THE ENCEPHALOPATHIC PHASE

​

The encephalopathic phase of AGS causes permanent neurological damage, which is usually severe. Medical imaging reveals deterioration of the brain’s white matter (leukodystrophy). White matter consists of nerve fibers covered with myelin, a substance that insulates and protects nerves.
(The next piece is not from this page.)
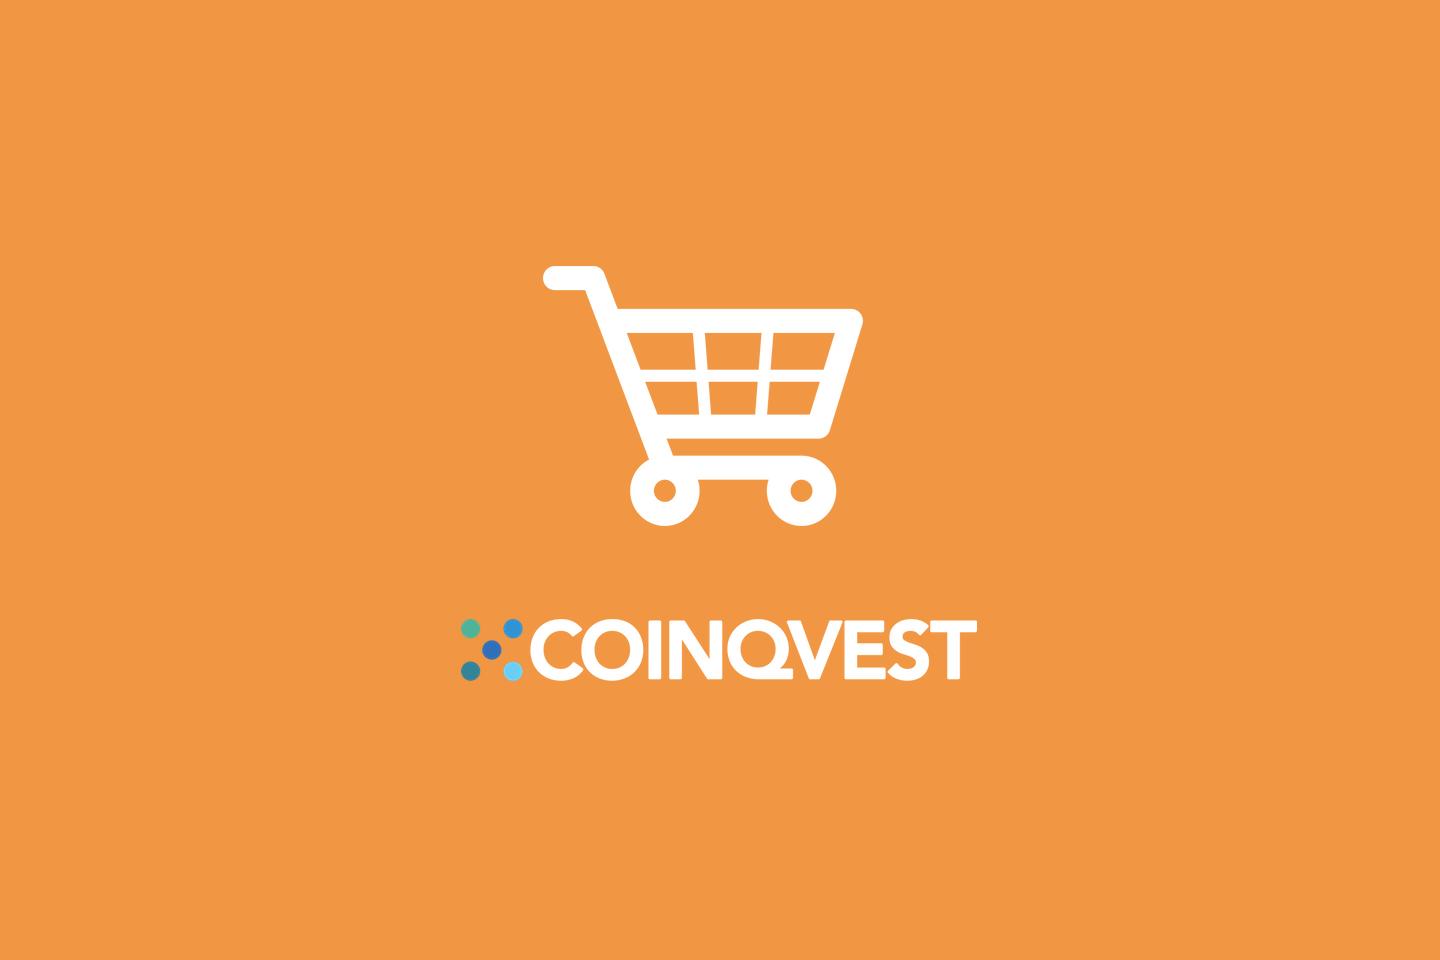 Hosted Checkouts with COINQVEST - Cryptocurrency Payment Processing for Online Businesses and E-Commerce

Affected individuals also show abnormal calcium deposits (calcifications) in the brain.

 

FREQUENCY

​

Aicardi-Goutières syndrome is a rare condition, estimated to occur in fewer than 1 in 100,000 children. The exact prevalence is unknown.

 

CAUSES

​

Mutations in several genes can cause Aicardi-Goutières syndrome. Some of these genes, including TREX1, RNASEH2A, RNASEH2B, and RNASEH2C, provide instructions for making nucleases—enzymes that help break down DNA and RNA molecules when they are no longer needed. These DNA and RNA fragments may be generated during processes such as transcription (the first step of protein production), DNA replication, DNA repair, apoptosis (cell death), and other cellular functions. Mutations in these genes may result in absent or impaired enzyme function, leading to the accumulation of unwanted DNA and RNA within cells. These molecules may be mistaken by the body as viral genetic material, triggering immune responses across multiple systems. This leads to encephalopathy, skin lesions, and other symptoms of AGS. Mutations in other genes, including SAMHD1, IFIH1, and ADAR, also contribute to AGS. These genes are involved in regulating the immune system. Mutations cause inappropriate activation of immune responses, leading to inflammatory damage in the brain, skin, and other organs.

 

INHERITANCE

​

Aicardi-Goutières syndrome can be inherited in different ways. In most cases—caused by mutations in ADAR, TREX1, RNASEH2A, RNASEH2B, RNASEH2C, and SAMHD1—the condition is inherited in an autosomal recessive pattern. This means both copies of the gene in each cell carry mutations. The parents typically carry one mutated gene each but do not show symptoms. When caused by mutations in the IFIH1 gene, or certain severe mutations in TREX1 or ADAR, AGS is inherited in an autosomal dominant pattern. This means one mutated copy of the gene is sufficient to cause the disorder. These dominant cases often result from new (de novo) mutations and may occur in individuals with no family history of the condition.